Repeat the data in full. Drop every picture.

MATERIAL PROVIDED –
<<<<
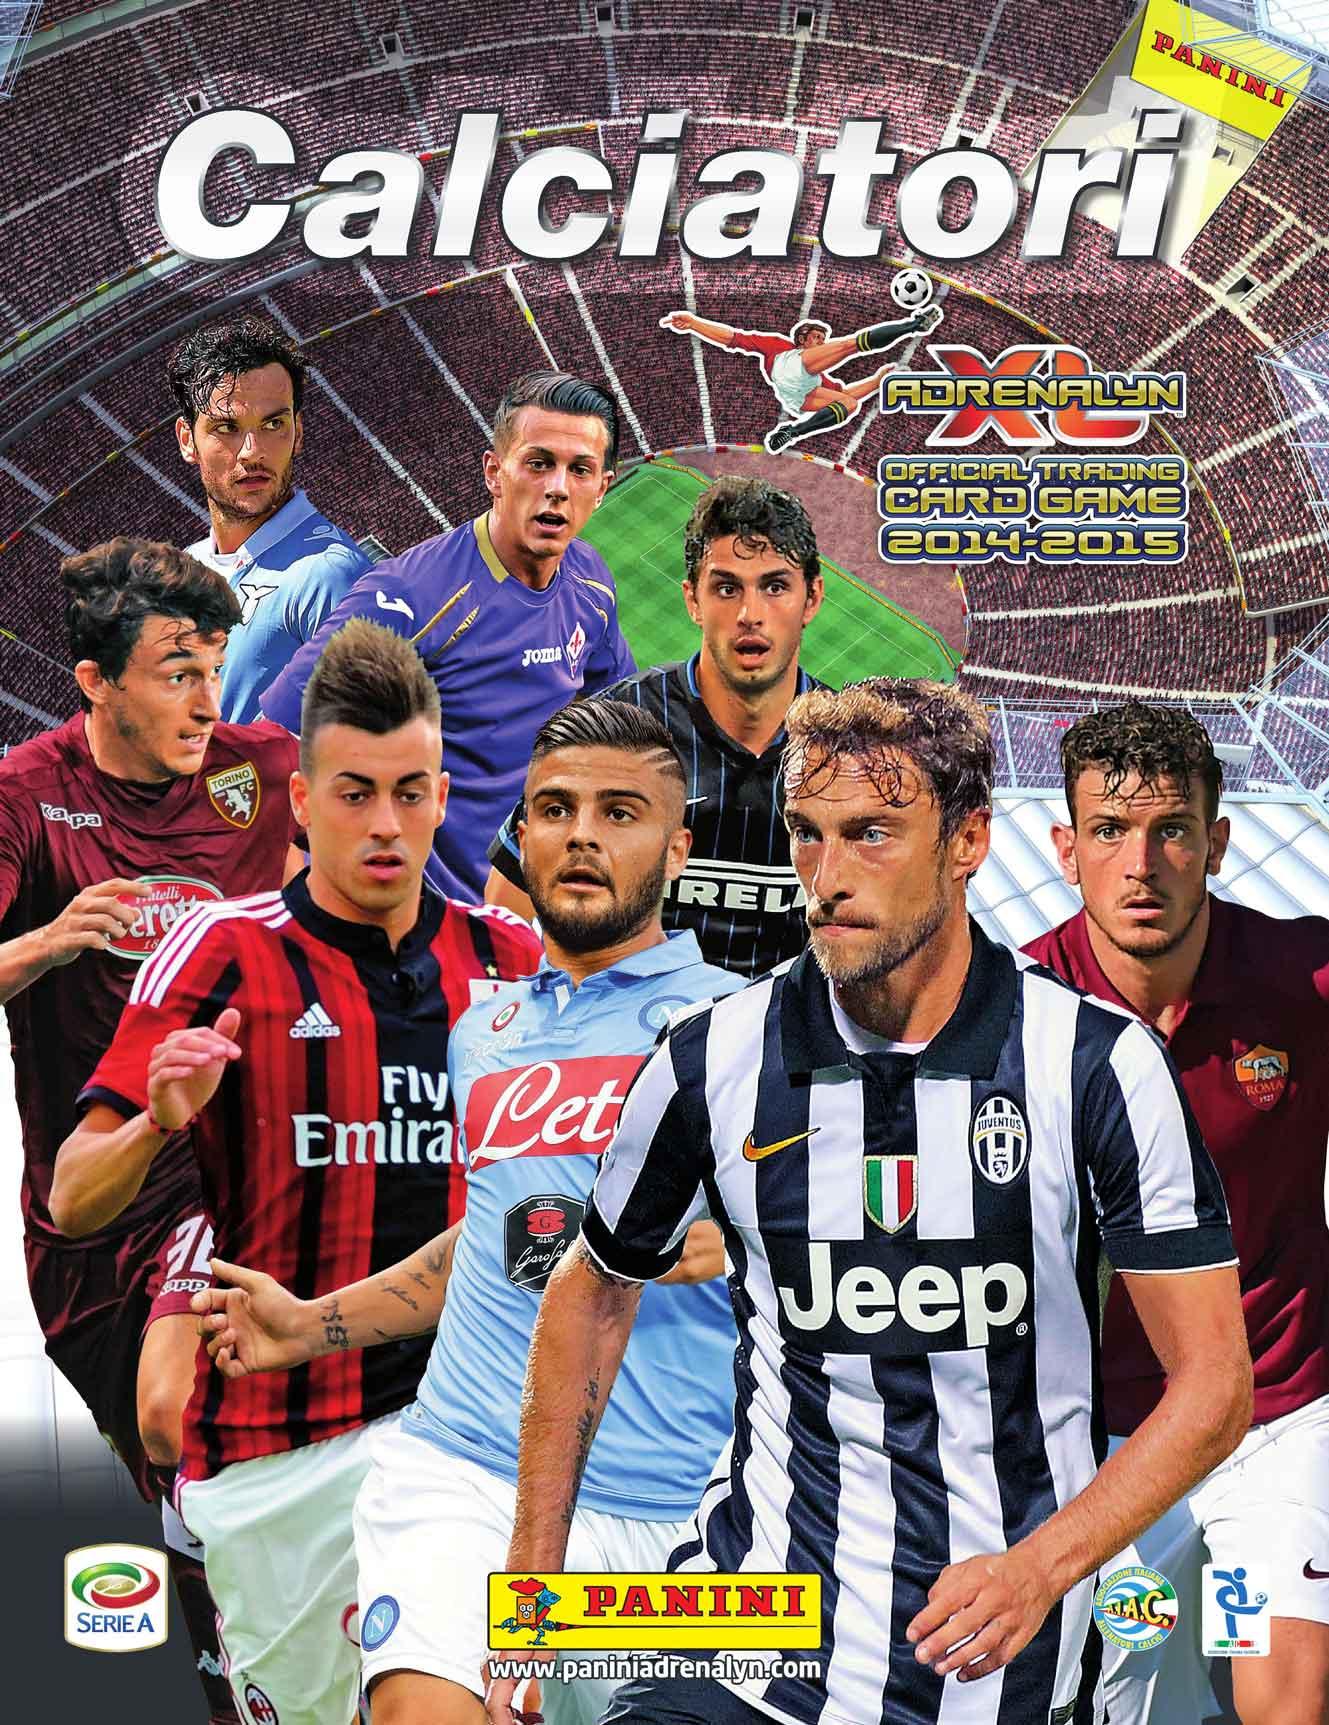 Calciatori Panini: ecco Adrenalyn XL, le nuove card dei ...
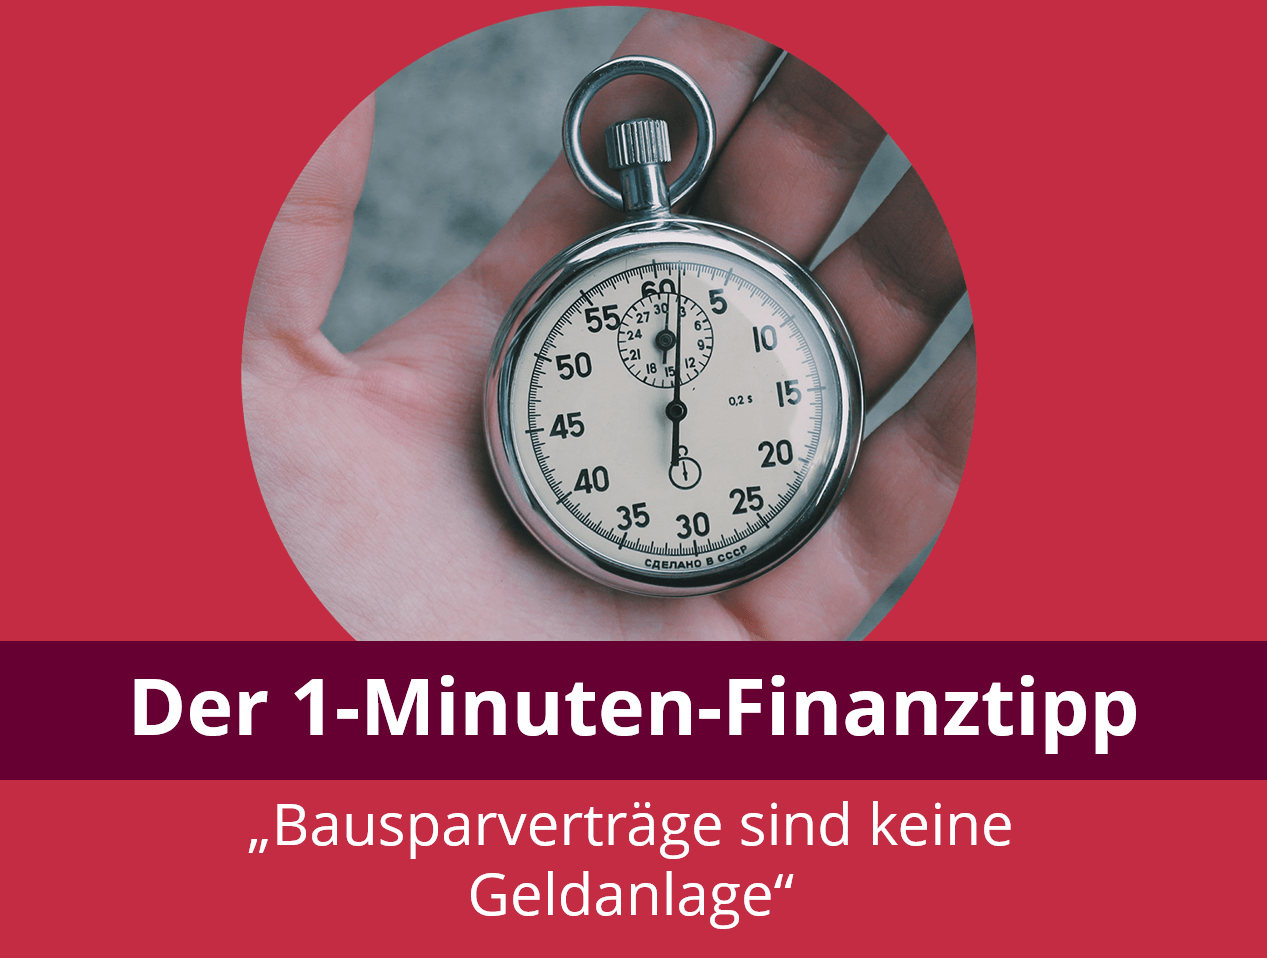 1-Minuten-Finanztipp: Ein Bausparvertrag ist keine Geldanlage.
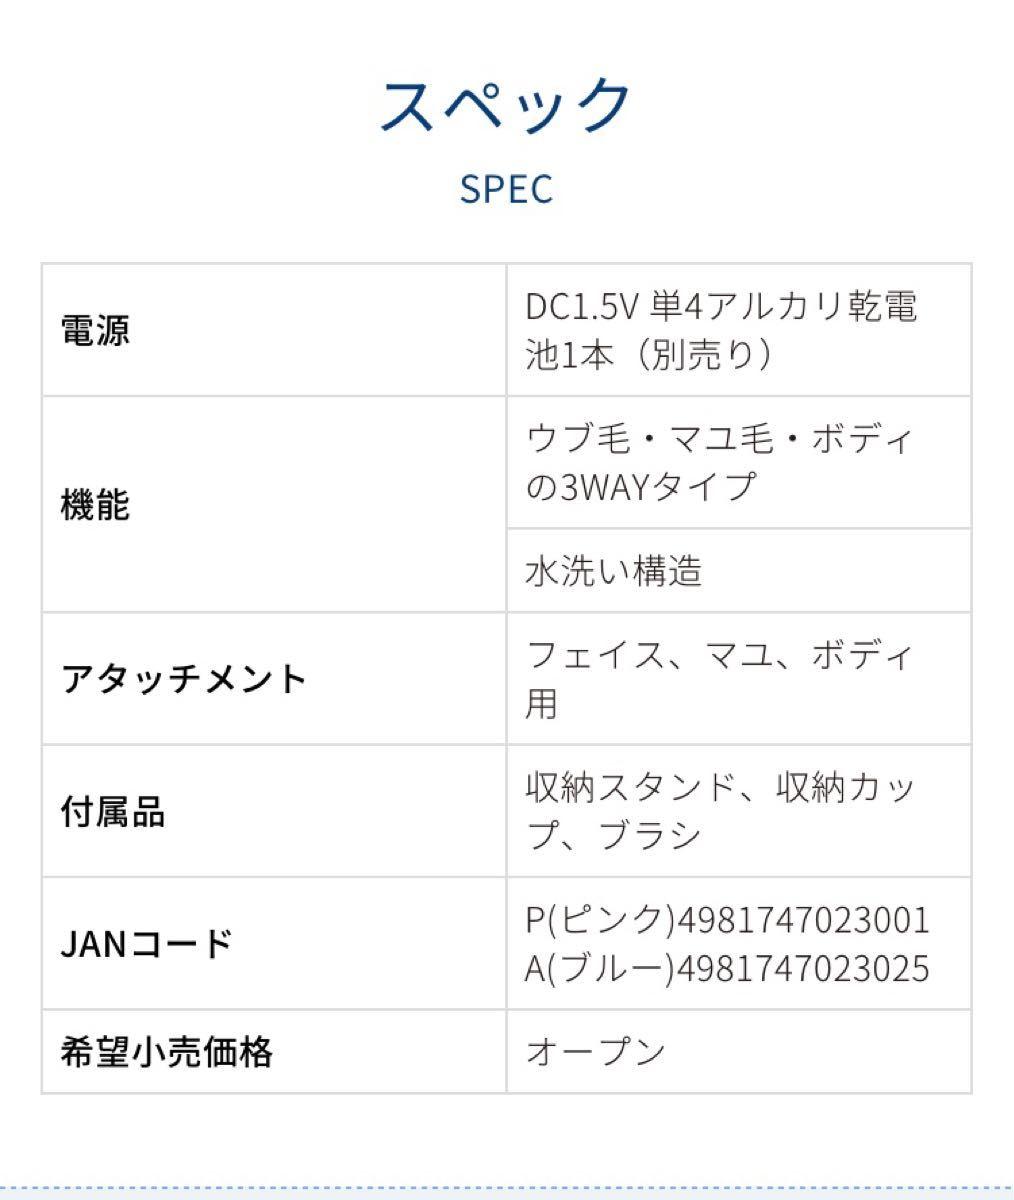 【新品未使用】コイズミ KOIZUMI フェイス&ボディーシェーバー KLC-0711/P ピンク
>>>>
SOLUTION FOR THIS EXERCISE –
 Calciatori Panini: ecco Adrenalyn XL, le nuove card dei ...
 1-Minuten-Finanztipp: Ein Bausparvertrag ist keine Geldanlage.
 【新品未使用】コイズミ KOIZUMI フェイス&ボディーシェーバー KLC-0711/P ピンク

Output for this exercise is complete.